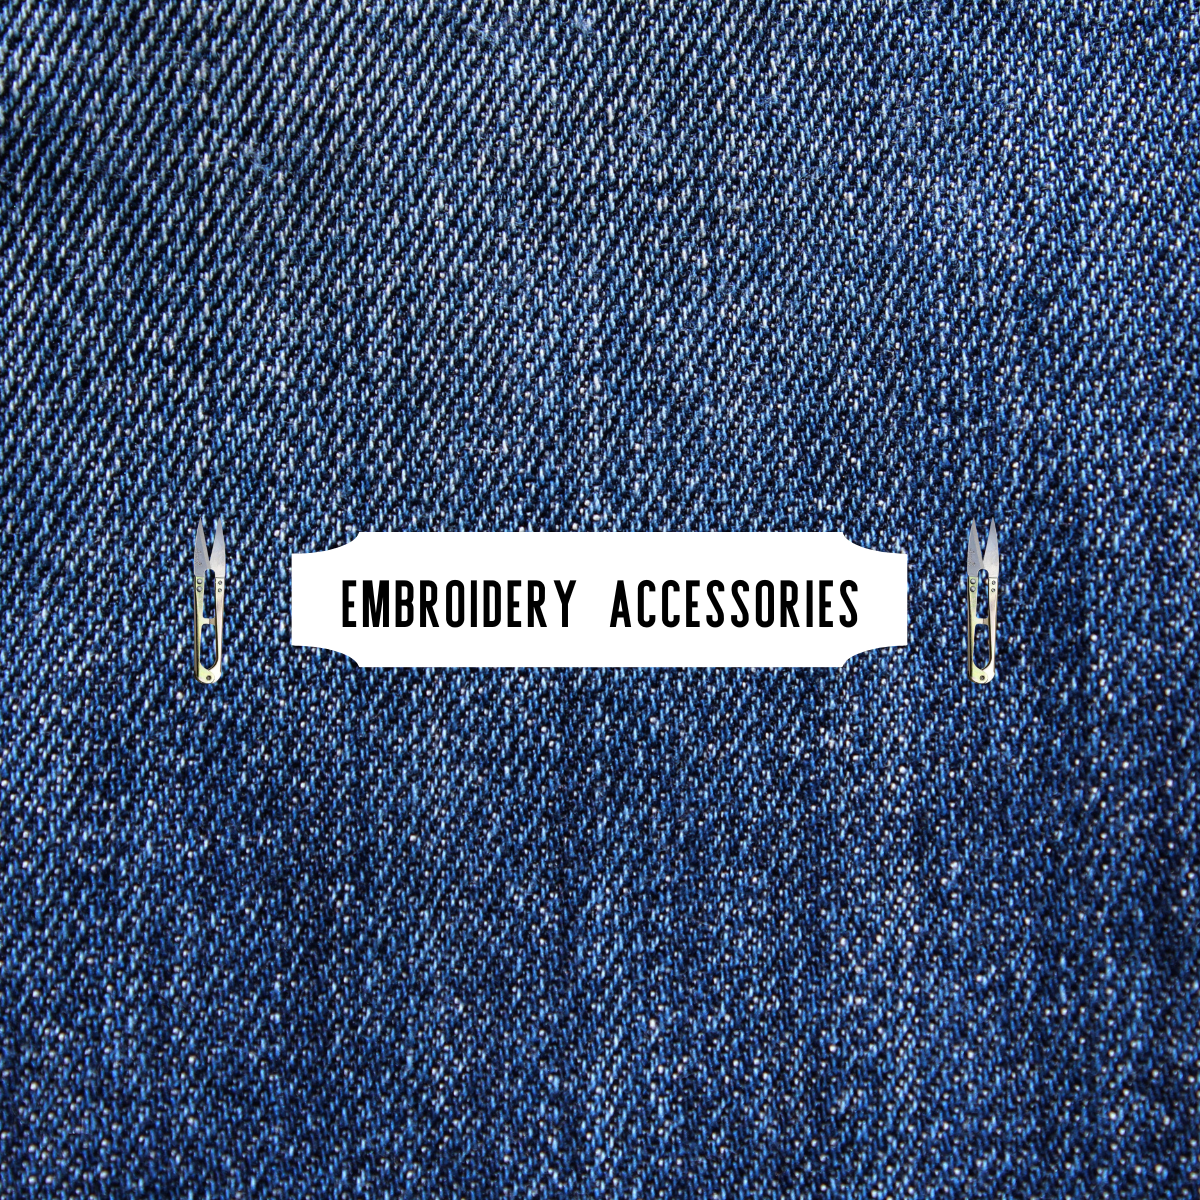 Embroidery Accessories
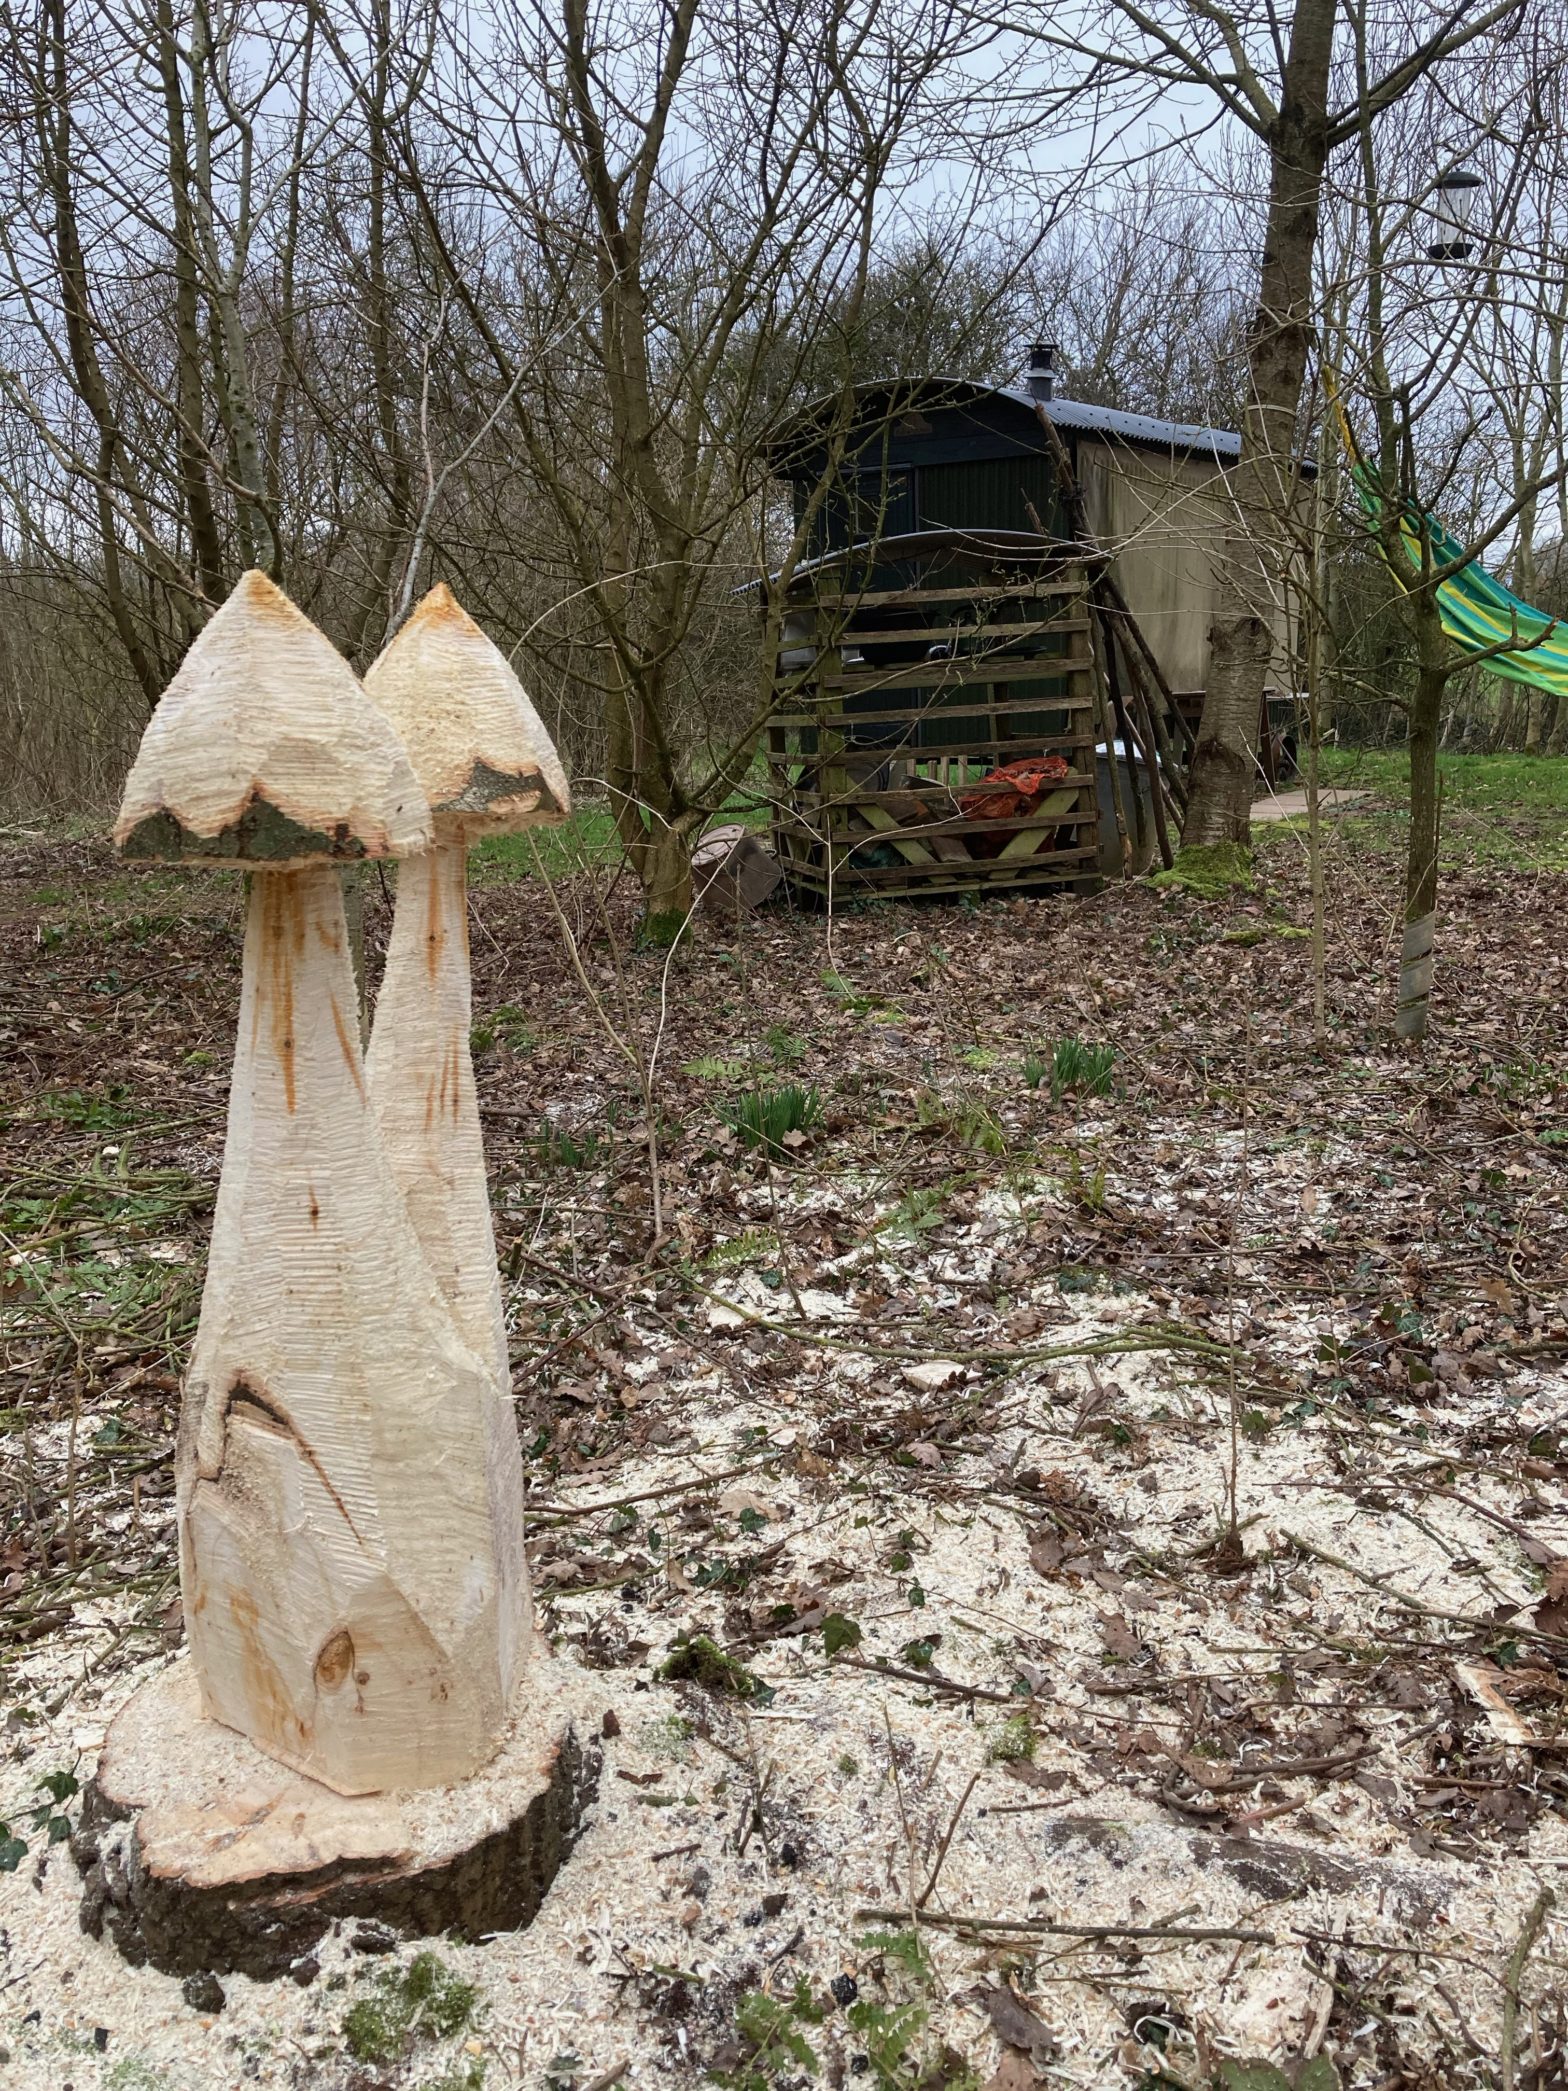 Chainsaw sculpture of toadstools
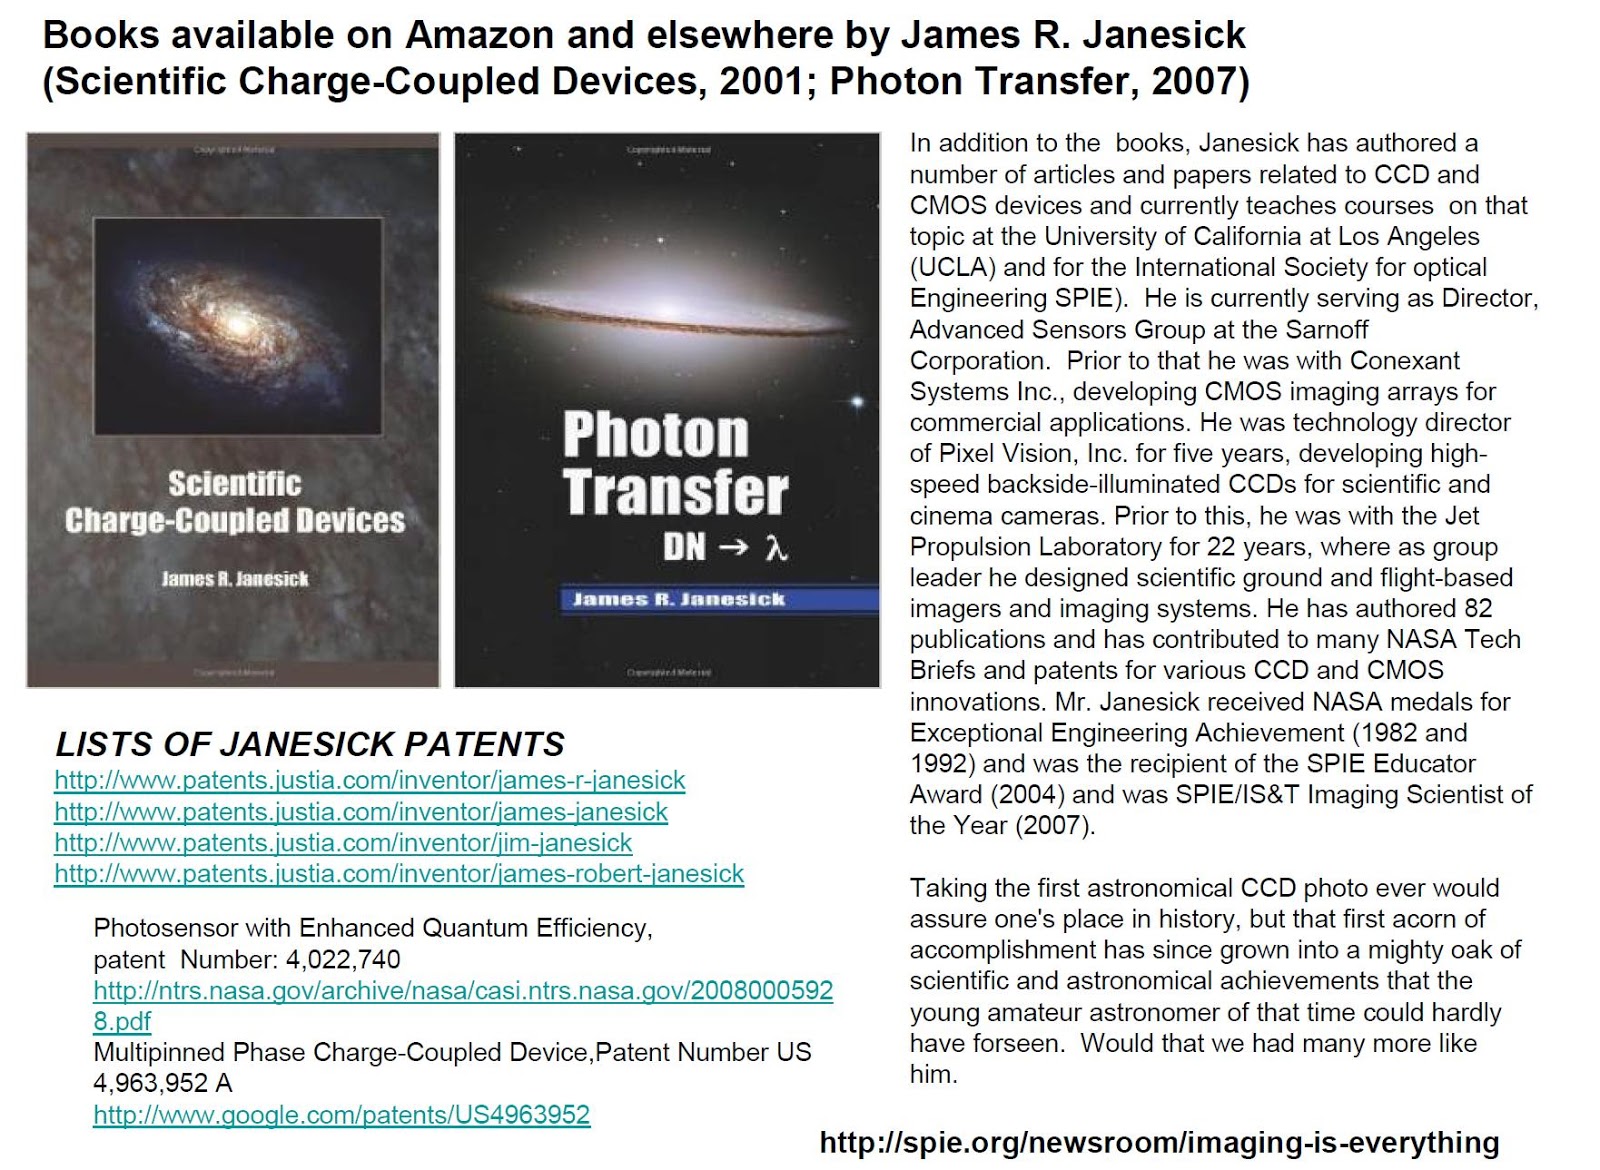 Books and patents by James janesick

□ □ □ □ □

*Task goal*
Once the pictures are set aside, repeat the data above exactly.

*Answer to this exercise*
 Embroidery Accessories
 Chainsaw sculpture of toadstools
 Books and patents by James janesick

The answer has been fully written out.